_GIVEN DATA:_
╔══
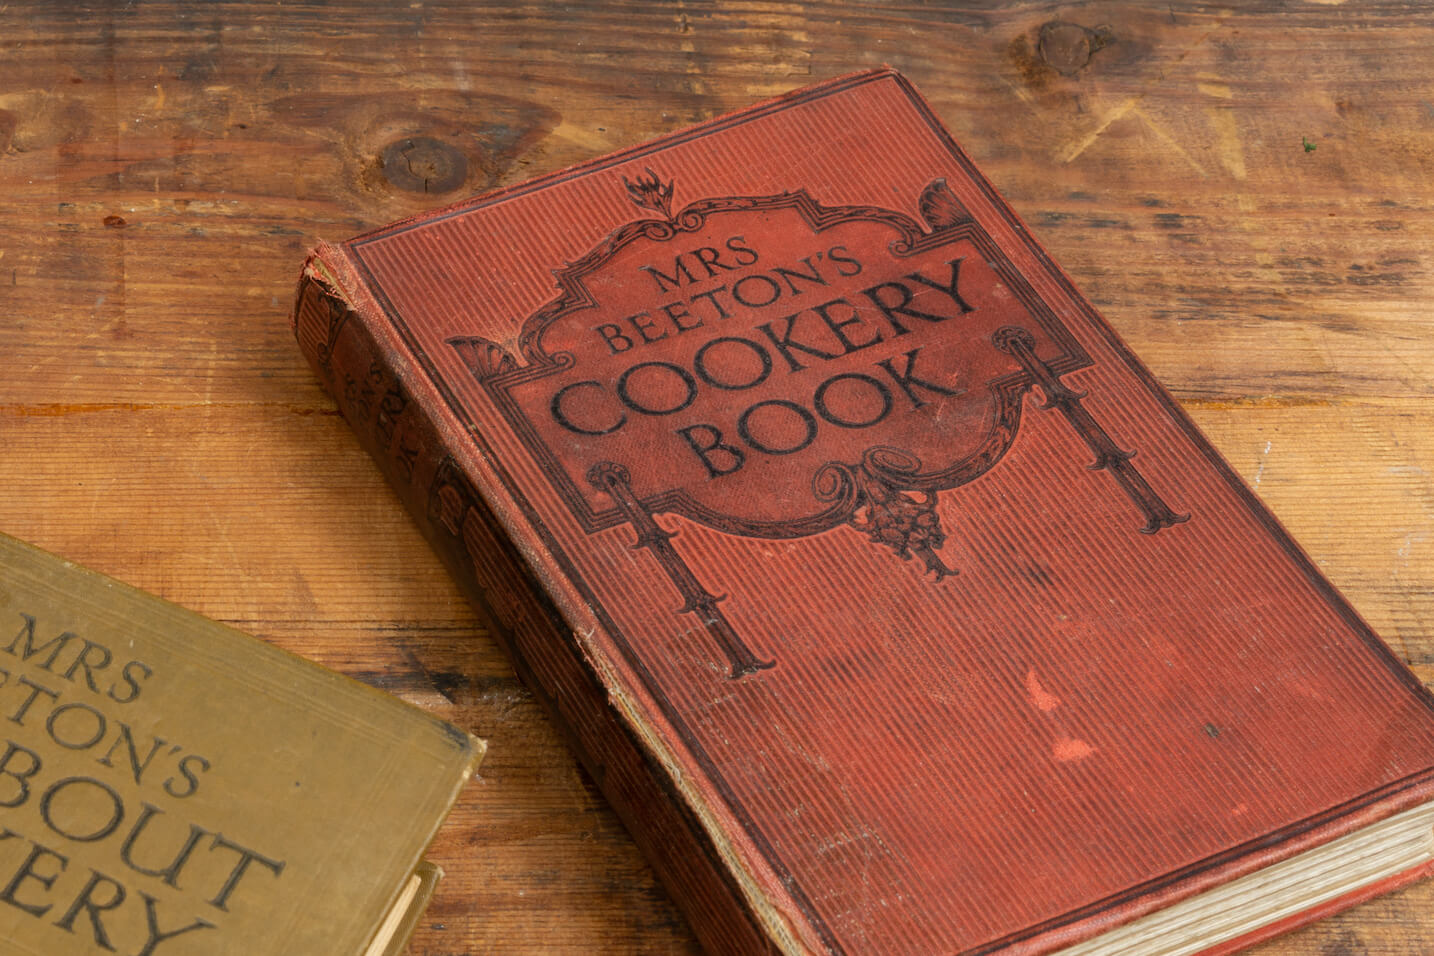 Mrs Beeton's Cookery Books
╚══
╔══
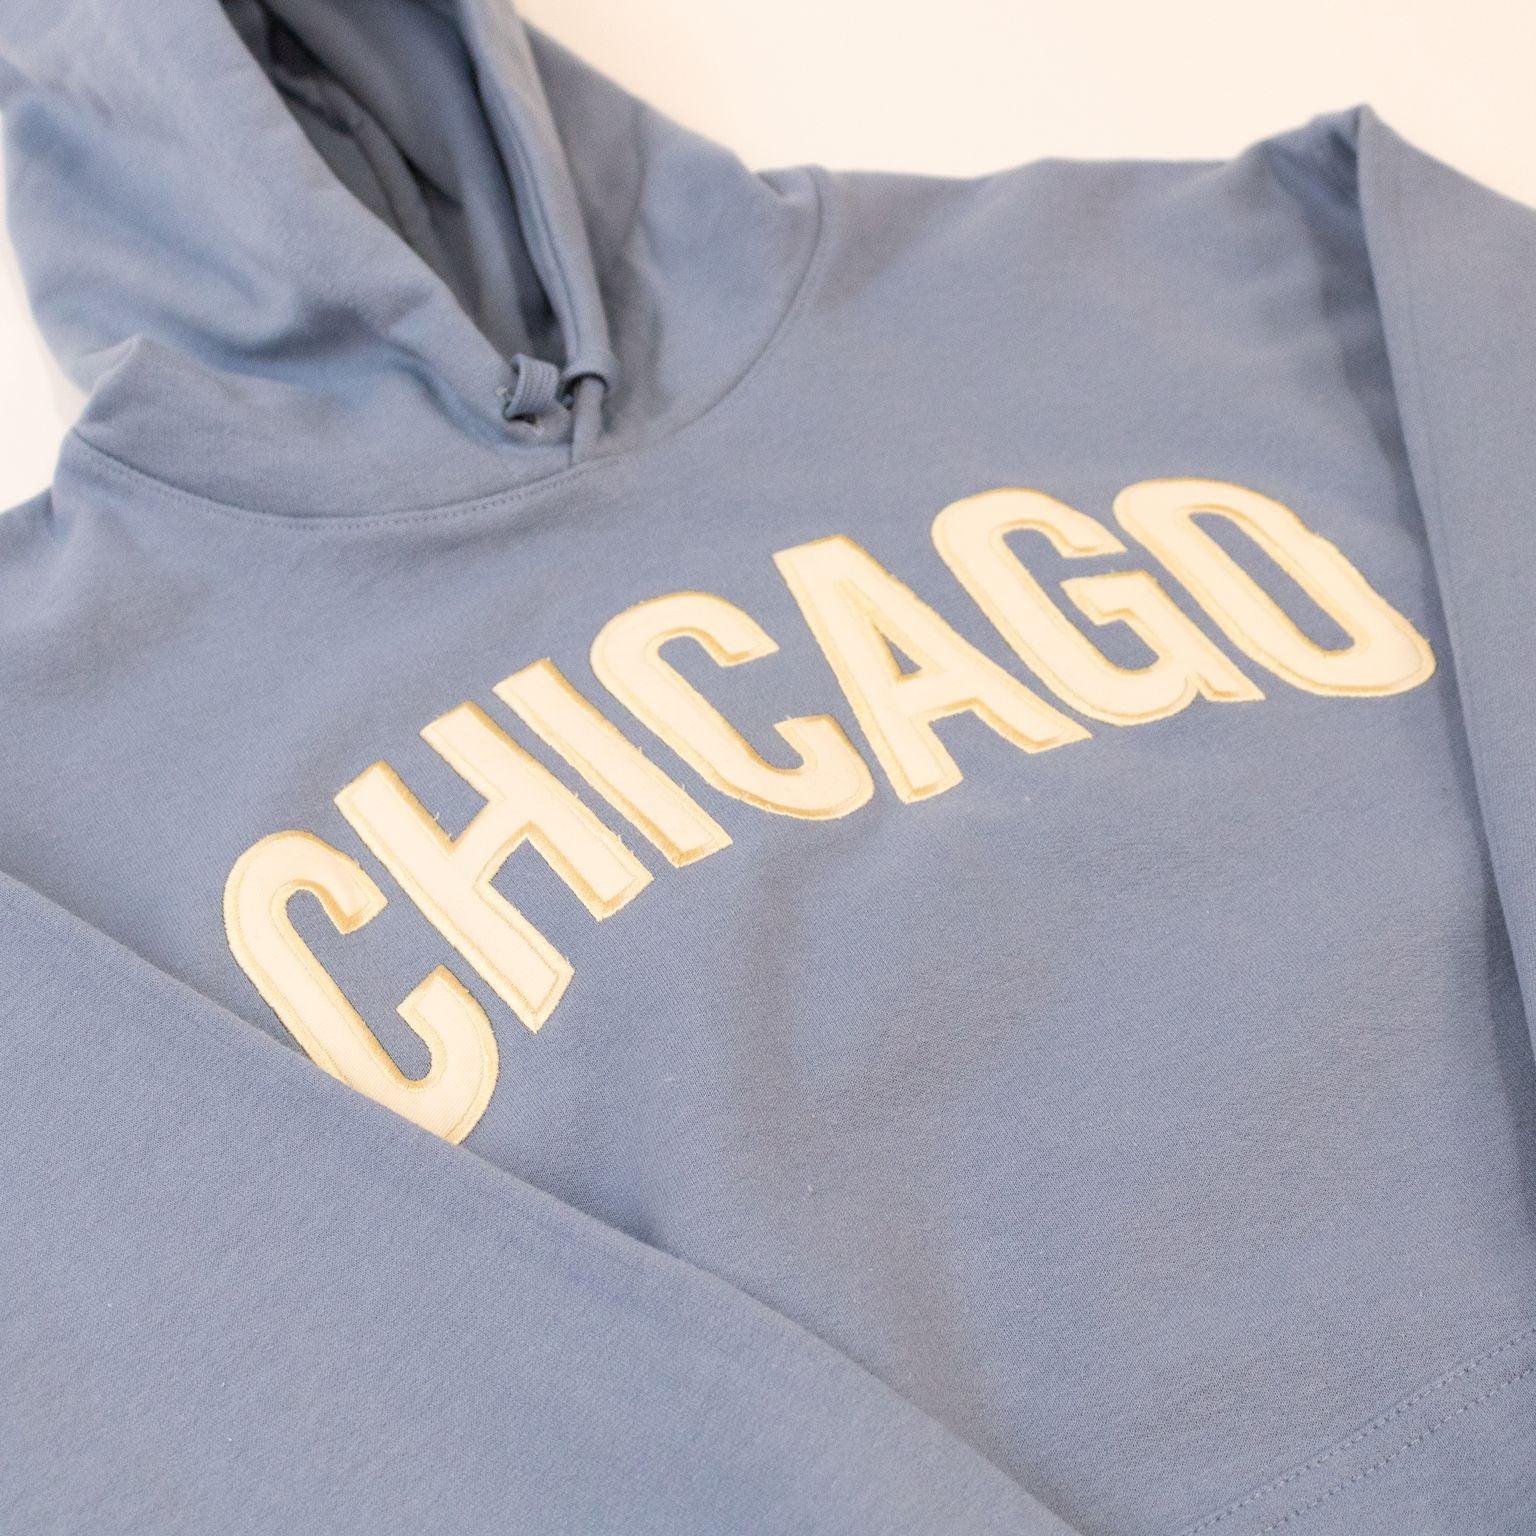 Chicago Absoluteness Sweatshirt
╚══
╔══
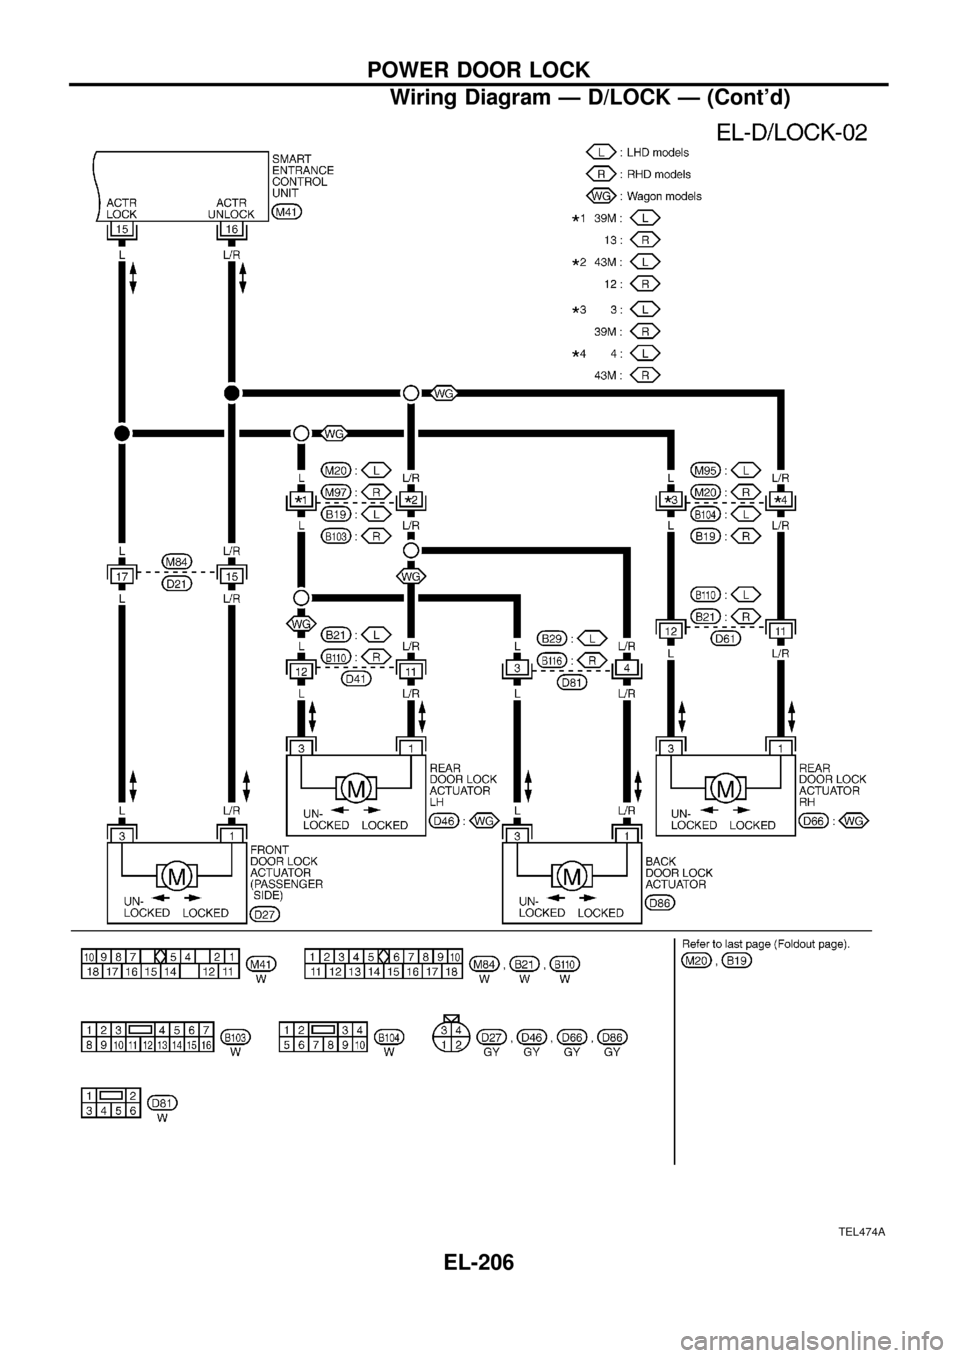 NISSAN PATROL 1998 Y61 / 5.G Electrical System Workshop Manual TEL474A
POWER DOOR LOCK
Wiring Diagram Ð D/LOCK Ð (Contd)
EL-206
╚══
Scan the entries for the word "LOCK". Report each line that has it.

POWER DOOR LOCK
Wiring Diagram Ð D/LOCK Ð (Contd)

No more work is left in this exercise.